### HOW TO COMPLETE THIS TASK:
In the records below, repeat word for word only the lines starting at the one that contains "Pokémon Brilliant Diamond" and ending at the one that contains "We are partnering", pictures excluded.

### INFORMATION:
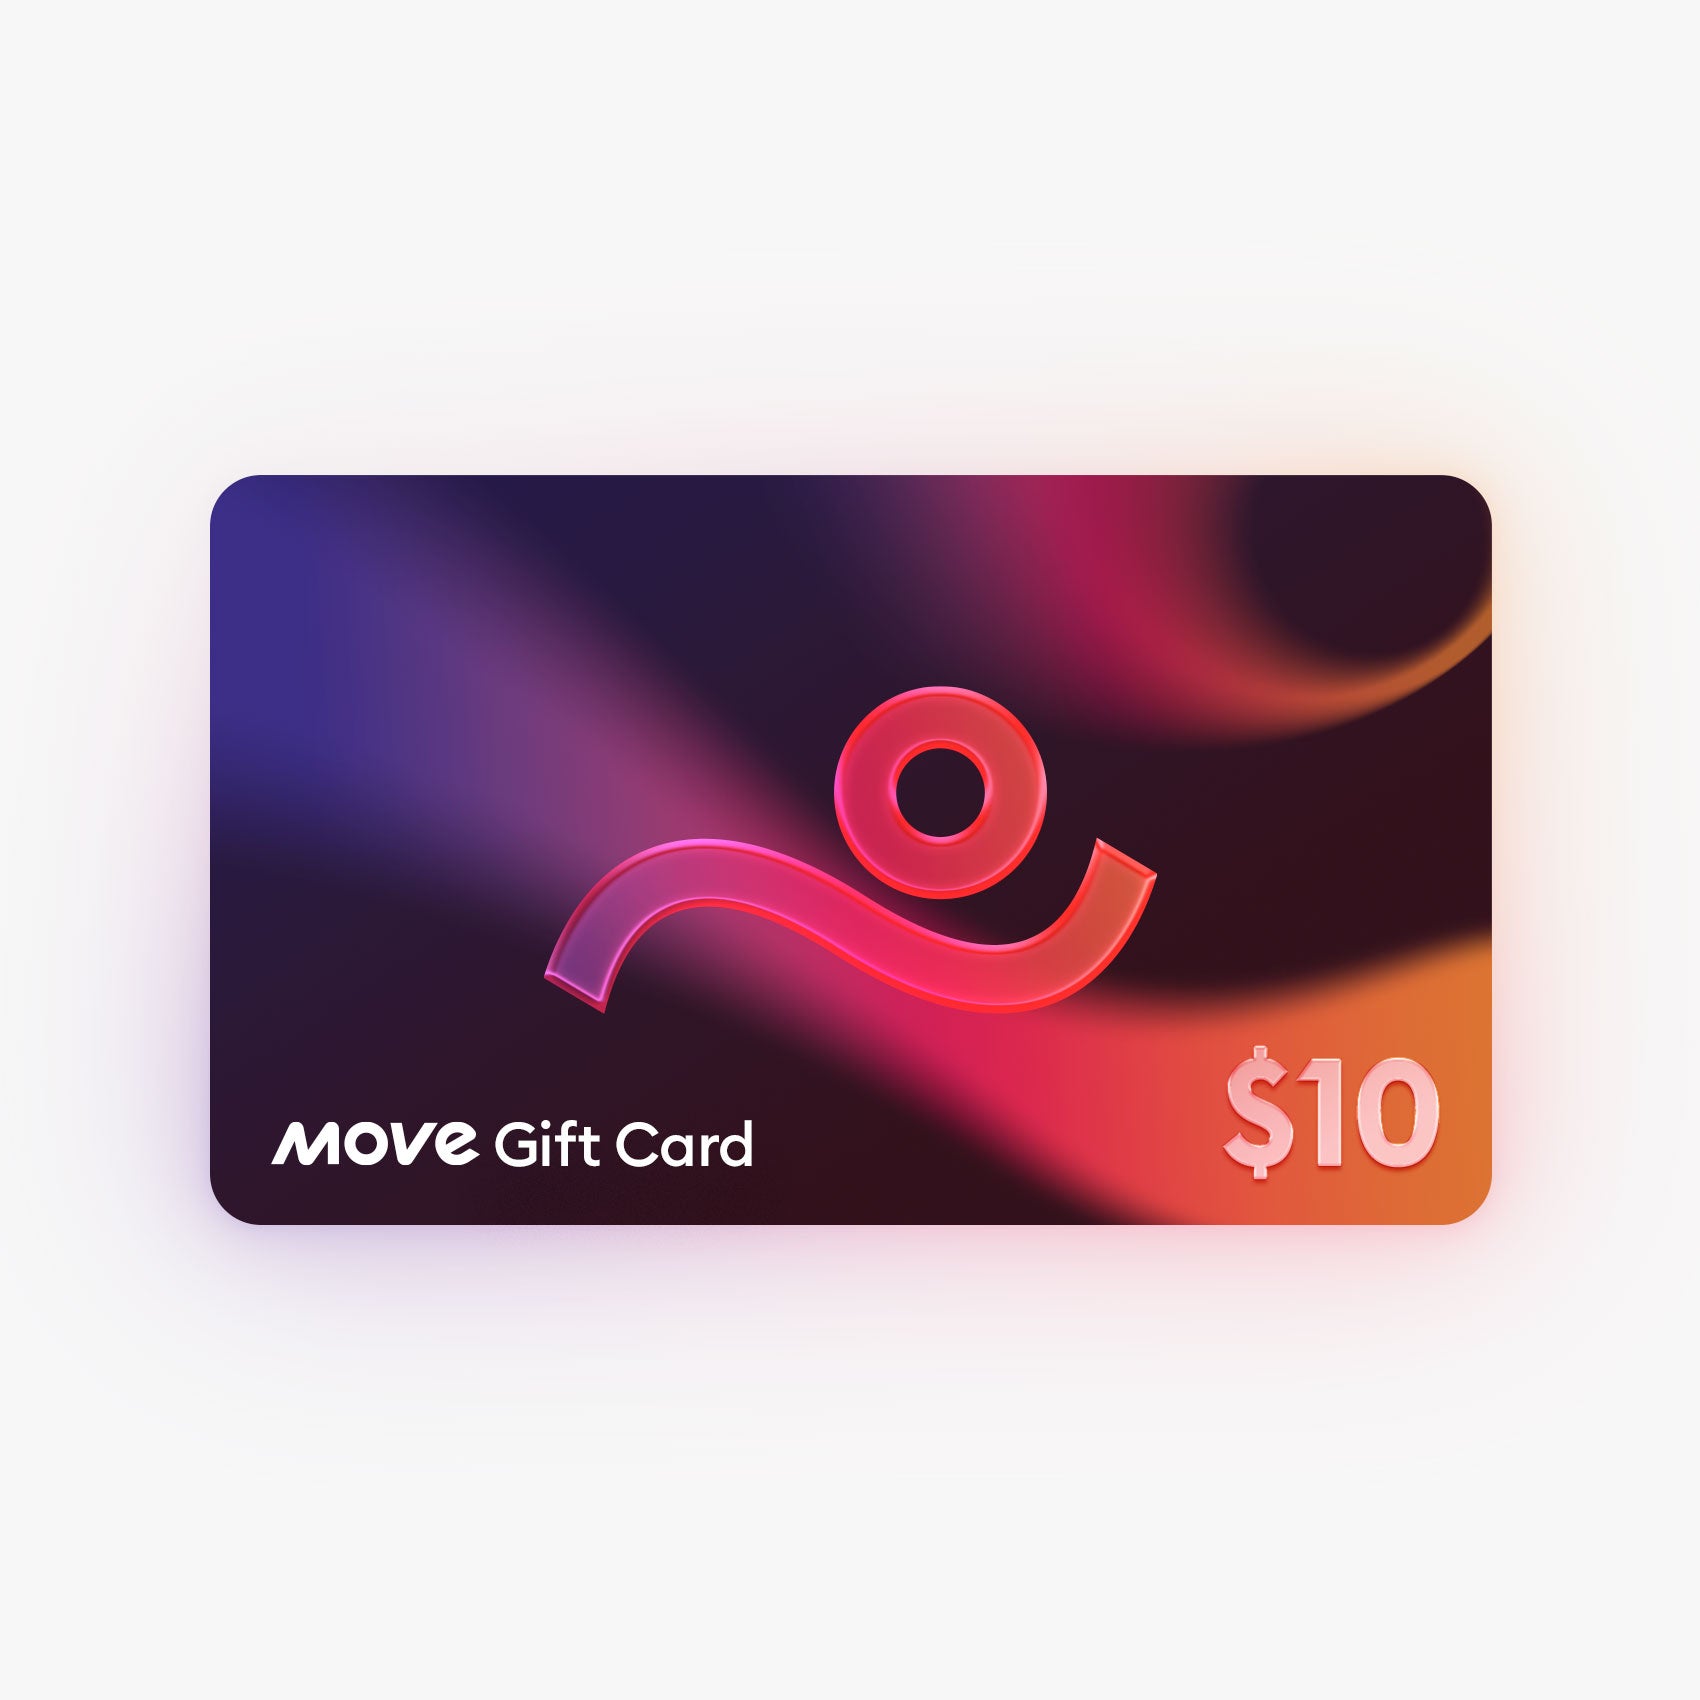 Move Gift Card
---
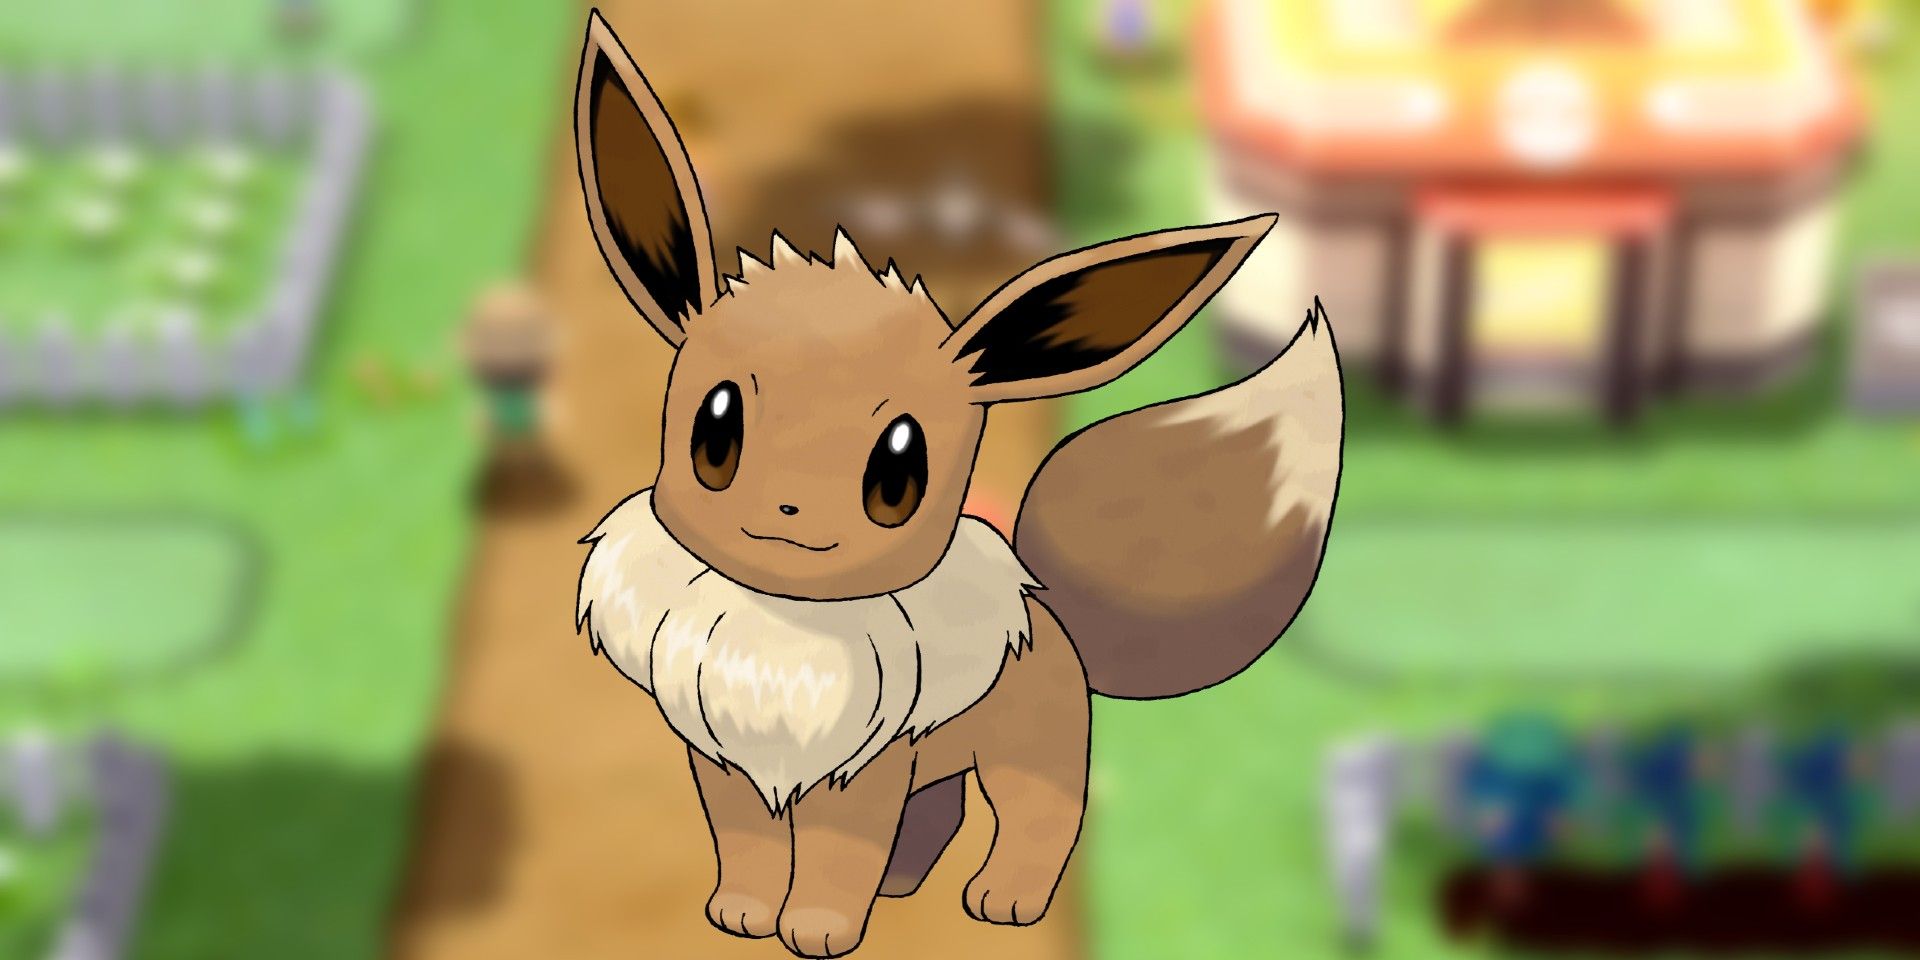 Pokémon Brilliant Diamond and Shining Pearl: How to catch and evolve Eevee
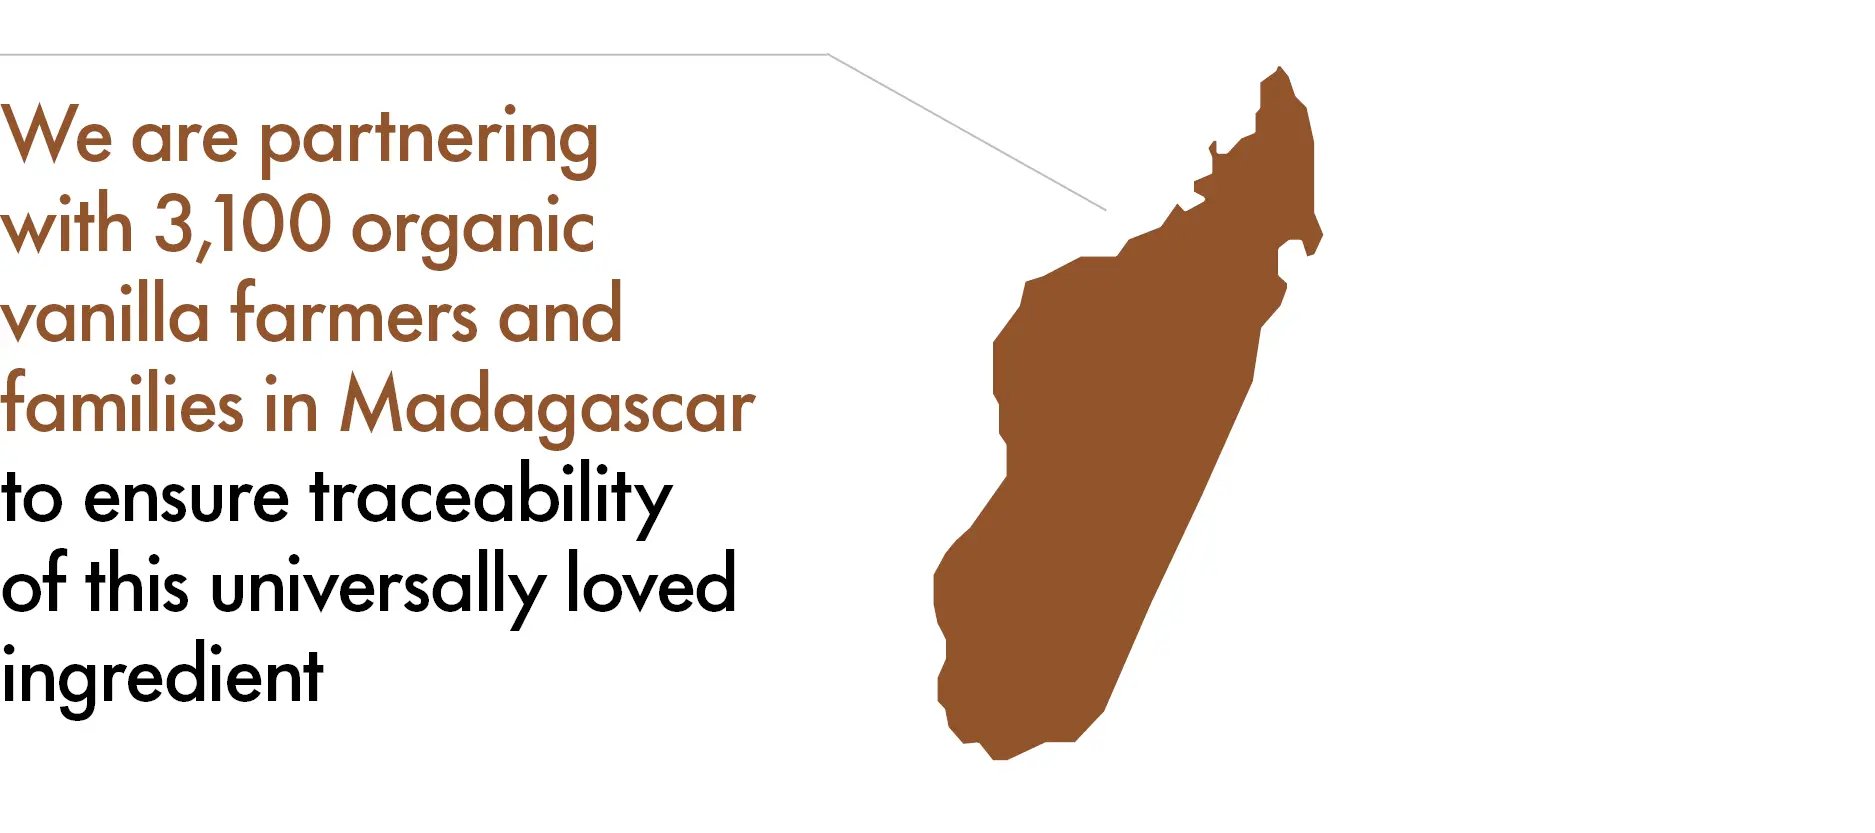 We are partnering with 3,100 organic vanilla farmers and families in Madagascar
* * *
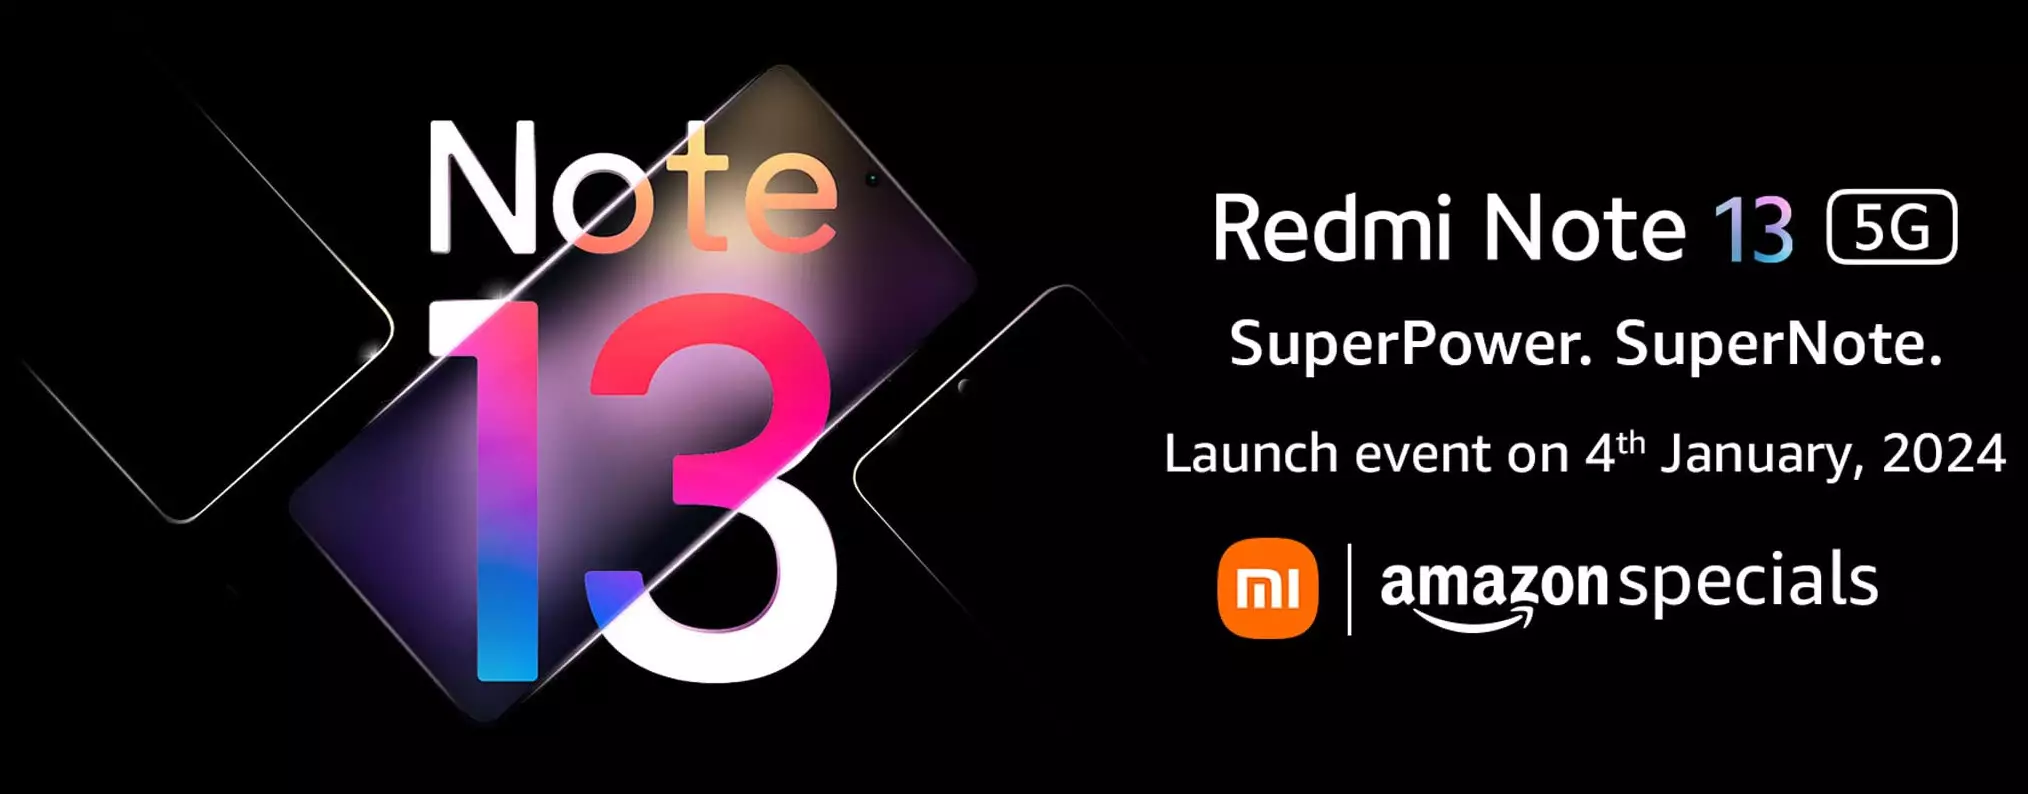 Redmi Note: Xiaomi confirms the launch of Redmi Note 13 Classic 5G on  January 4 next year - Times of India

### OUTPUT BELOW:
 Pokémon Brilliant Diamond and Shining Pearl: How to catch and evolve Eevee
 We are partnering with 3,100 organic vanilla farmers and families in Madagascar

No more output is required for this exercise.